On Halloween itself, that gang decides to play a prank on Elvira. (My personal advice would be to never play a prank on someone so ready with a shotgun, but whatever.) B.B., using its computer brain, tries every lock combination until the gate swings open. They run inside, but Sam (the only one of the group dressed in costume – as a Greek goddess) sets off flashing alarms on the front porch. The human kids run and hide behind some bushes, but B.B. is not so fast (or inconspicuous). Elvira spots the mobile yellow Dumpster almost immediately and opens fire with her shotgun. She blows the robot apart as Paul howls in agony. Elvira smiles a lopsided grin and returns inside.

Harry Pringle, jockeying for Dad of the Year 1986.

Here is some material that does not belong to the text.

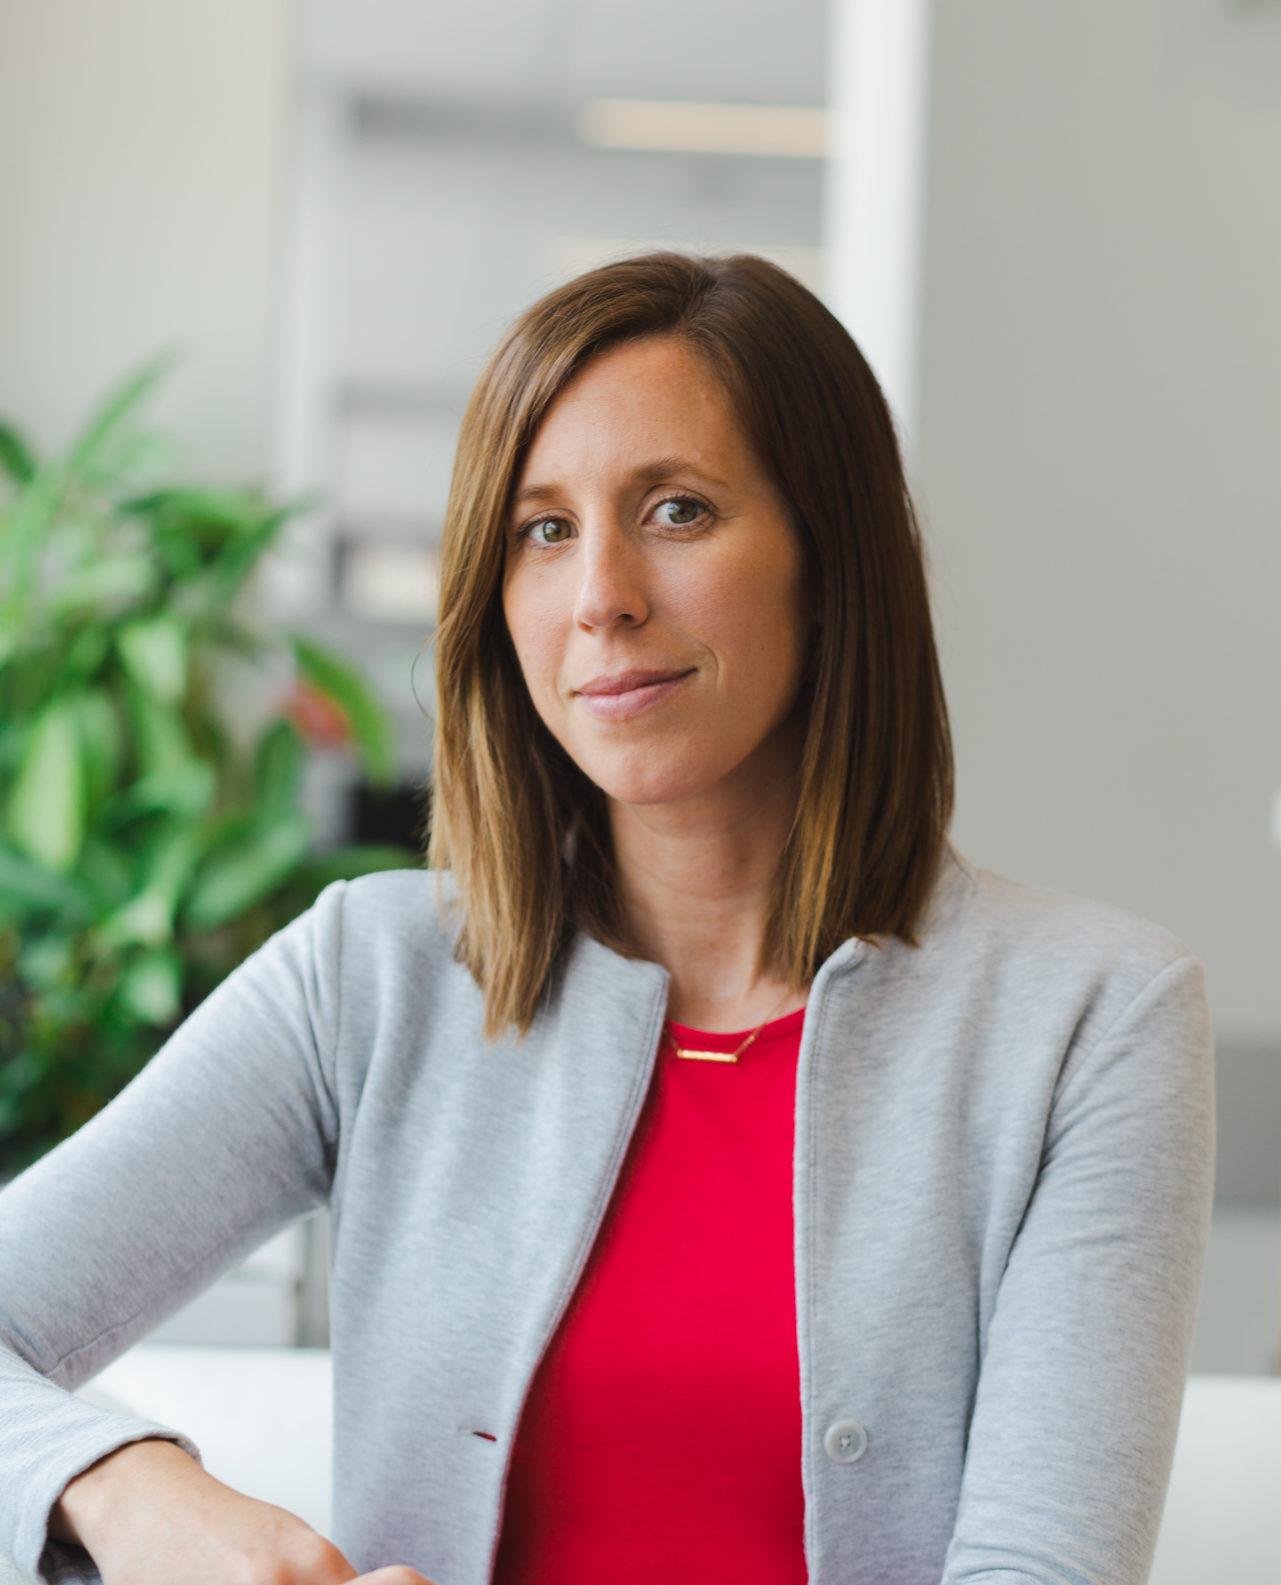 Jill Overacker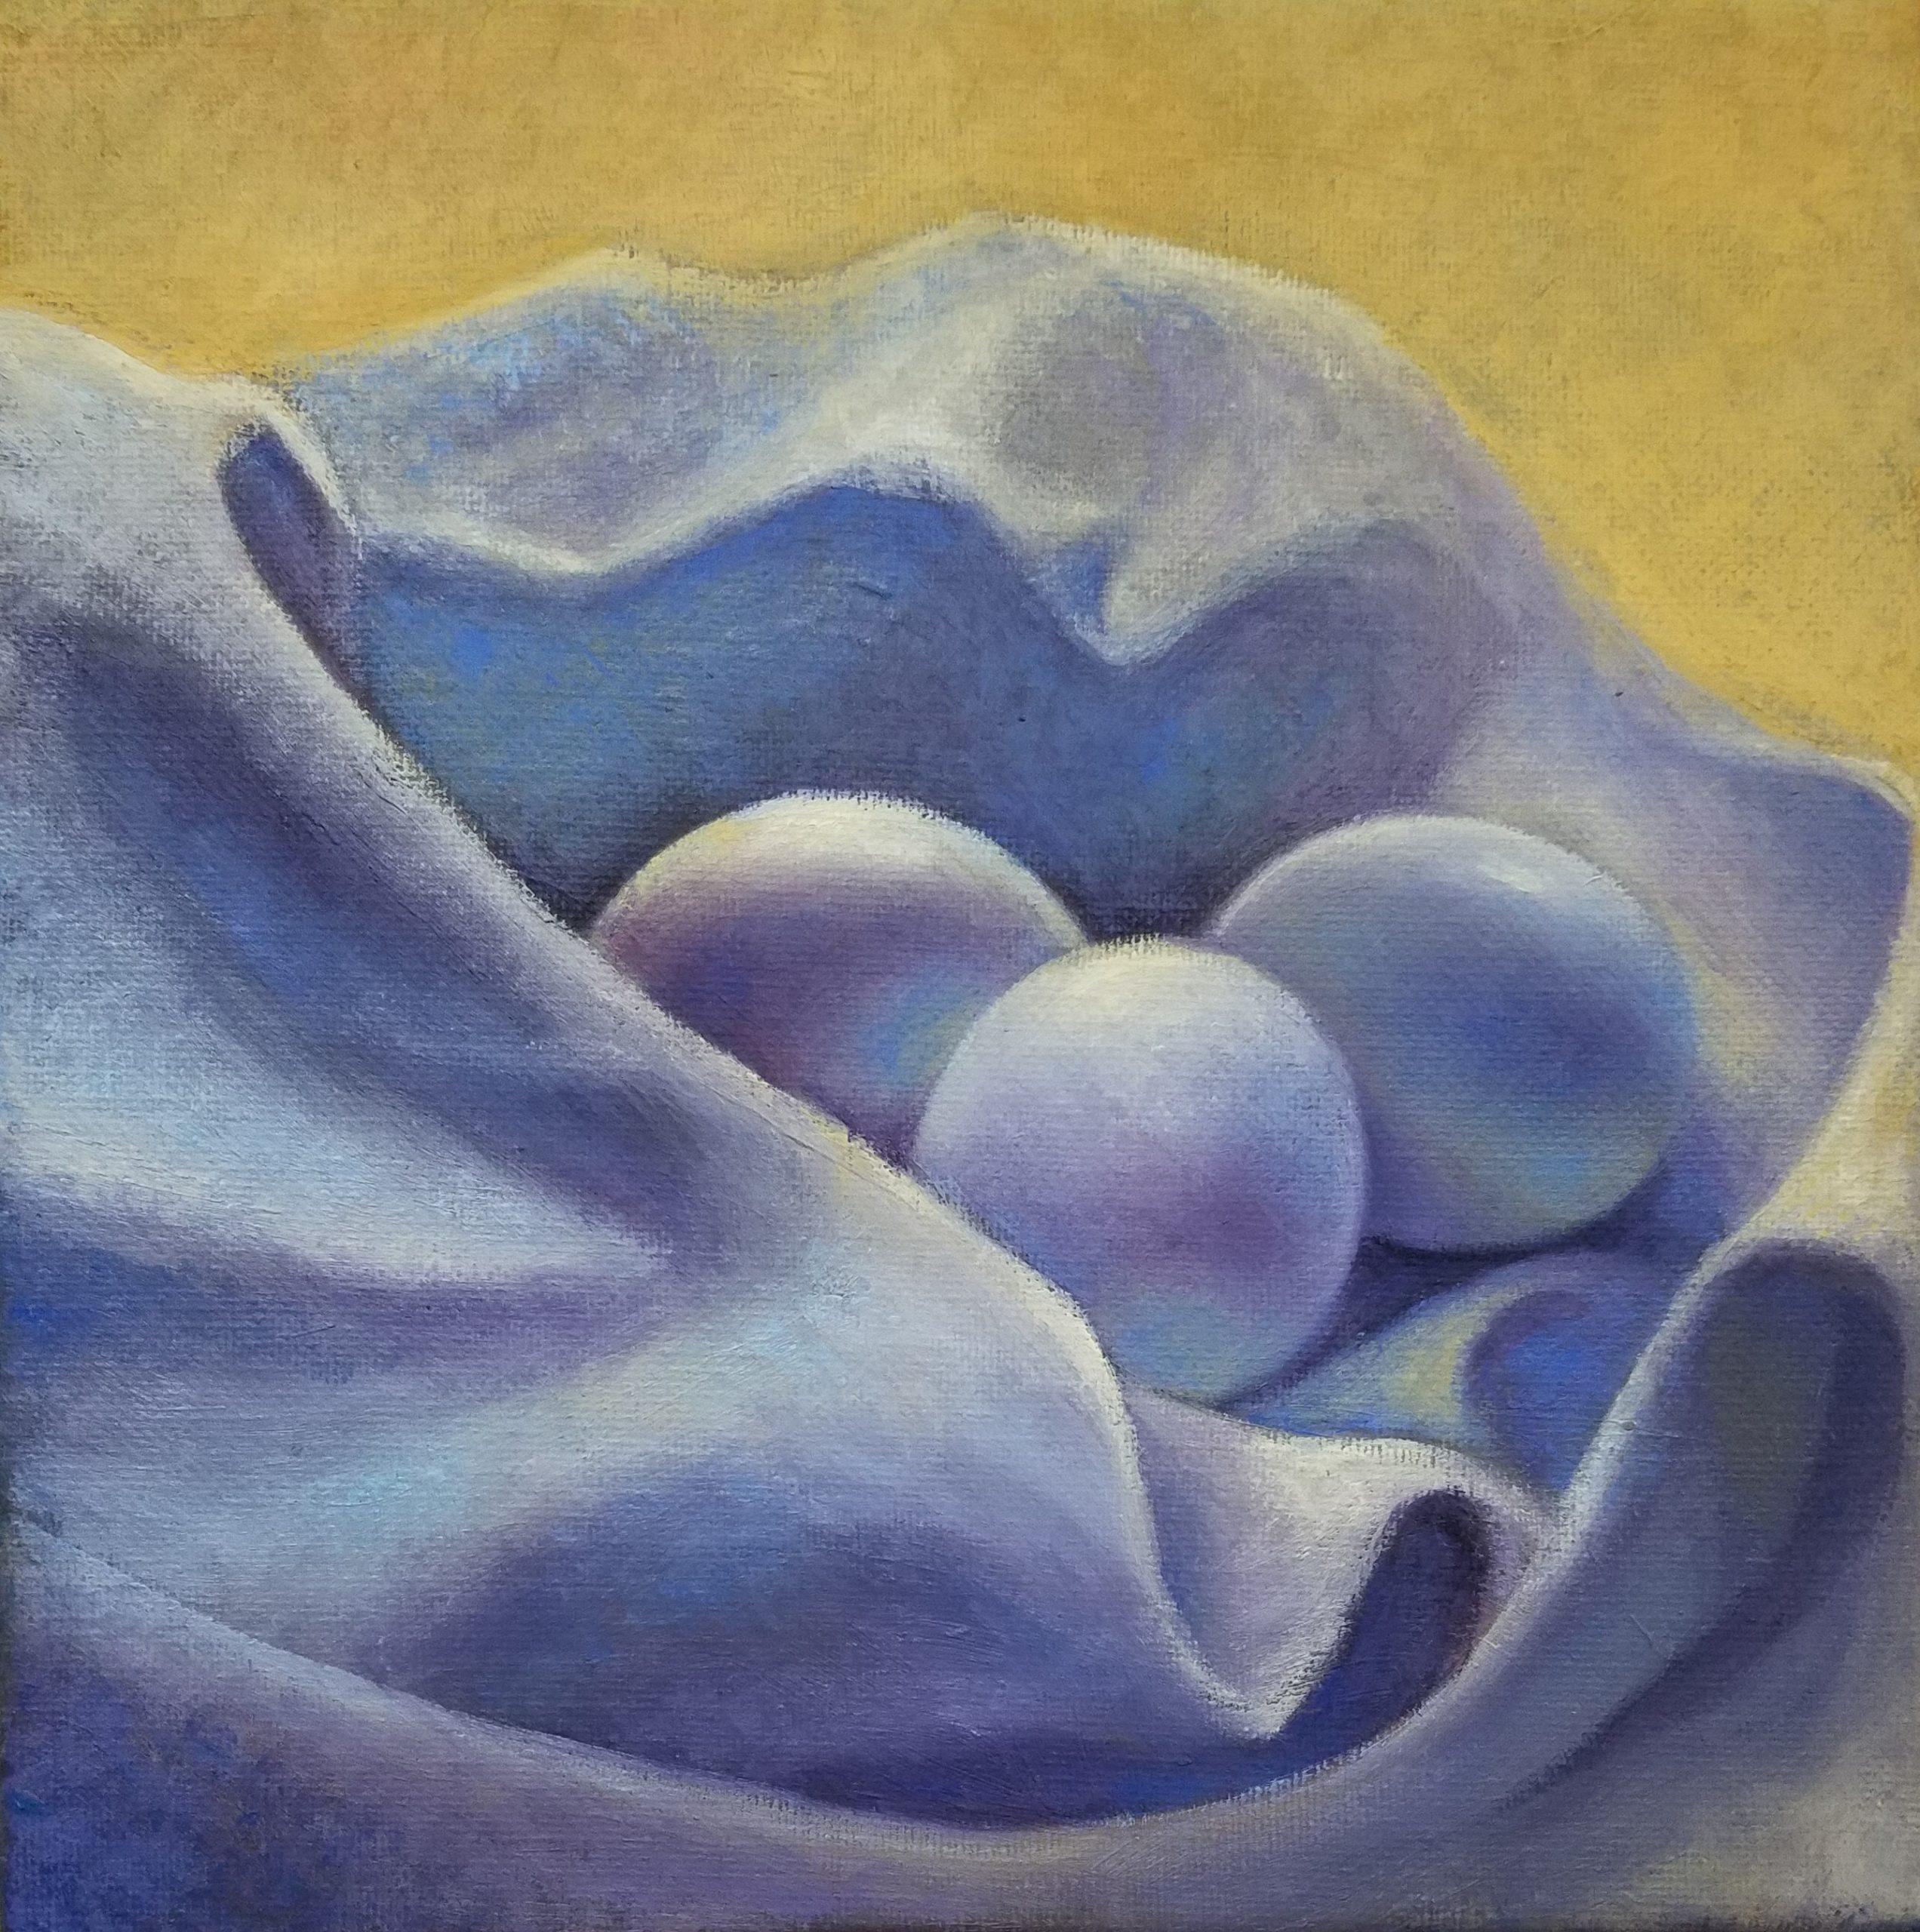 Eggs in a dishcloth

Afterward, Paul is inconsolable in class. The Conways have Sam over for Thanksgiving and give thanks that her dad is passed out drunk on the couch. That night, Sam and Paul share a tentative first kiss. It will be (spoiler alert!) Sam’s last kiss, as well, as she returns home to find her dad is no longer asleep on the couch. On the second floor landing, he confronts Sam about her absence and slaps her. He then verbally abuses her and punches his daughter, which sends her flying down the stairs. Sam never gets up; her eyes flutter and blood dribbles from her mouth.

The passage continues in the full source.